Tokelau is legally part of New Zealand. Recent changes will mean more autonomy for the atoll dwellers, as the New Zealand-appointed Administrator delegates power. All laws or rules are now made by Tokelauans or at their request, and the Office for Tokelau Affairs, currently located in Western Samoa, is in the process of moving to the atolls.

The main political institution is the General Fono where atoll representatives meet to decide policy issues. On the islands, the Taupulega or village council manages day-to-day affairs. The Faipule (headman) and the Pulenuku (administrative officer) are elected every three years. The Council of Faipule chooses a chairperson, holding office for one year, who is the Ulu-O-Tokelau or Head of Tokelau.

Tokelauans rely on aid from Aotearoa - over NZ$2,500 per head in 1992. They also have a guaranteed export market to that country.

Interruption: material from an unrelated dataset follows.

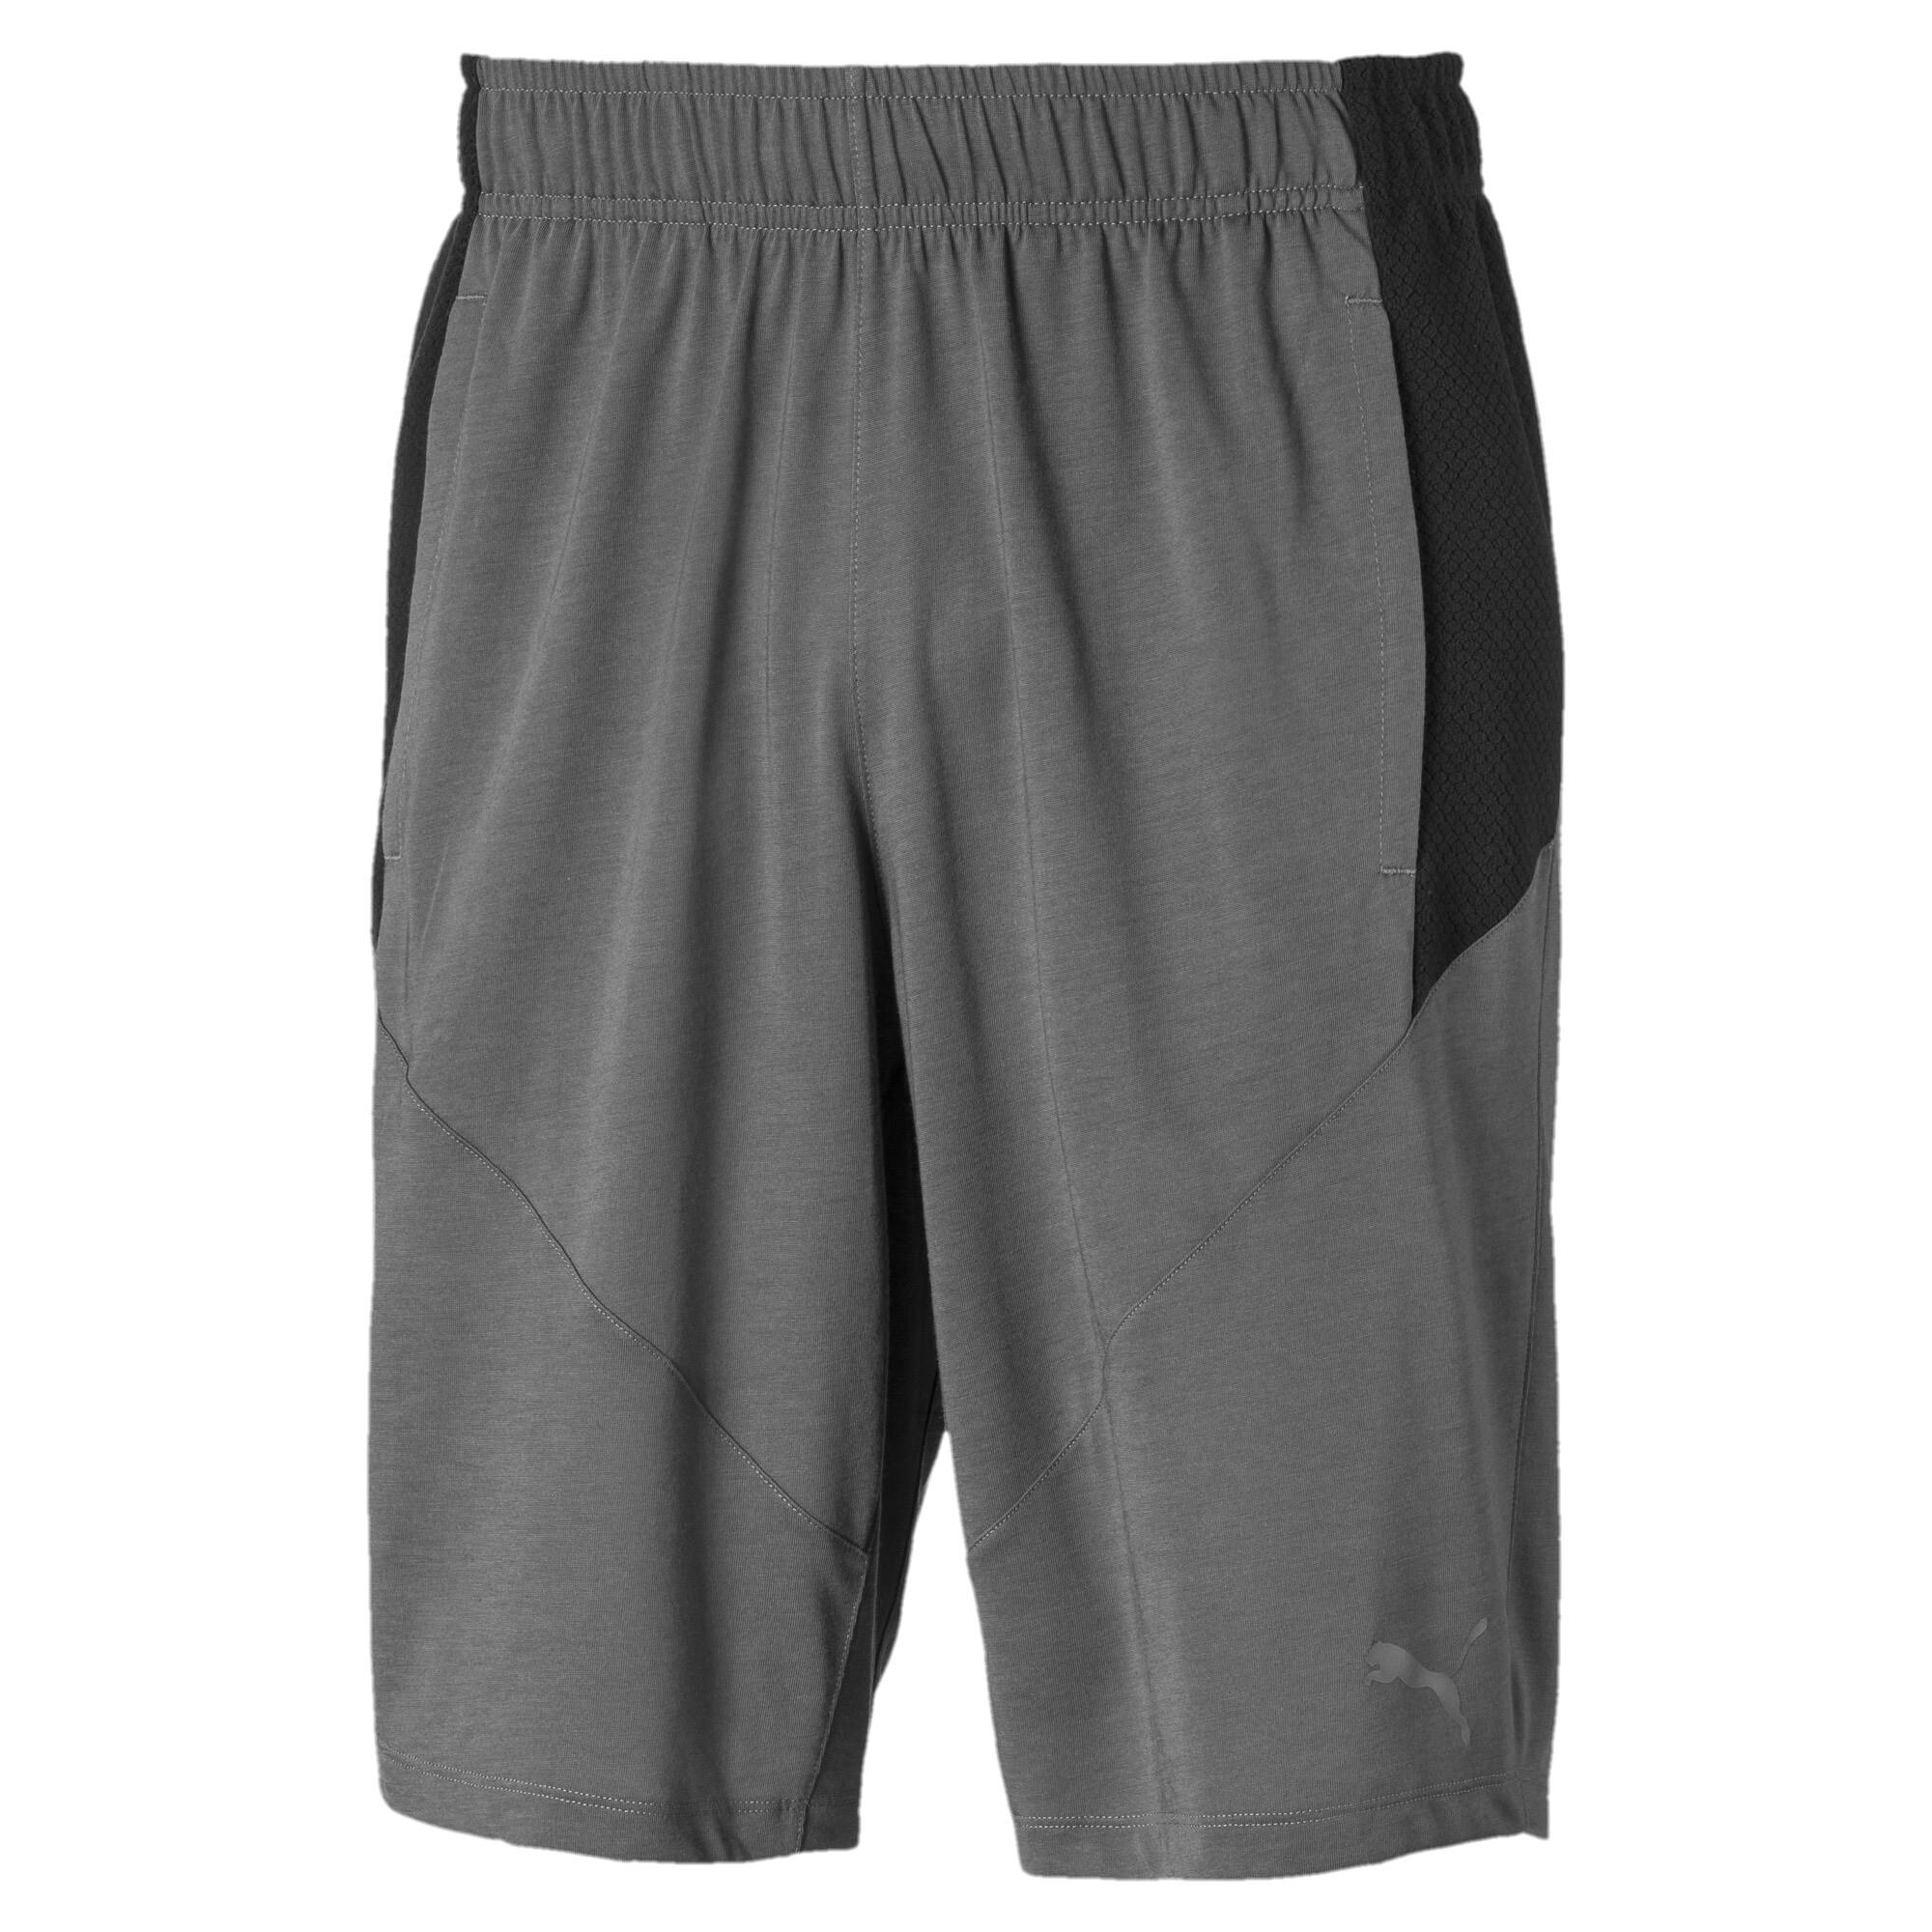 PUMA-Reactive-Drirelease-Men-039-s-Shorts-Men-Knitted-Shorts-Training thumbnail 2

Atoll dwellers have dual nationality and there are now more of them living in Aotearoa, mainly around Wellington, than there are in Tokelau. Unemployment is high in this community with 47 per cent of 15-29 year olds out of work.

Communal farming and fishing are the basis of Tokelau's economy. The islets' isolation, lack of minerals and infertile soils leave little room for economic manoeuvre. Remittances from migrant workers, postage stamps and souvenir coins are major sources of foreign currency.

Schooling is free, with instruction in Tokelauan. The emphasis on education is also apparent in the community in Aotearoa with its high number of akoga kamata - Tokelauan language pre-schools.

On some working days, people in Tokelau may work as directed by the local leader, for example to catch fish which is shared by others in the community. Every few weeks, a ship calls at the islands to replenish stores in their one shop.

If this sounds like quiet stability, contrast it with Tokelau's history. For hundreds of years, there were constant wars between the atolls. In 1863 Peruvian slavers kidnapped several hundred Tokelauans and took them to South America. Some of these people have descendants on Easter Island, and an effort may be made someday to find the 'lost' Tokelauans.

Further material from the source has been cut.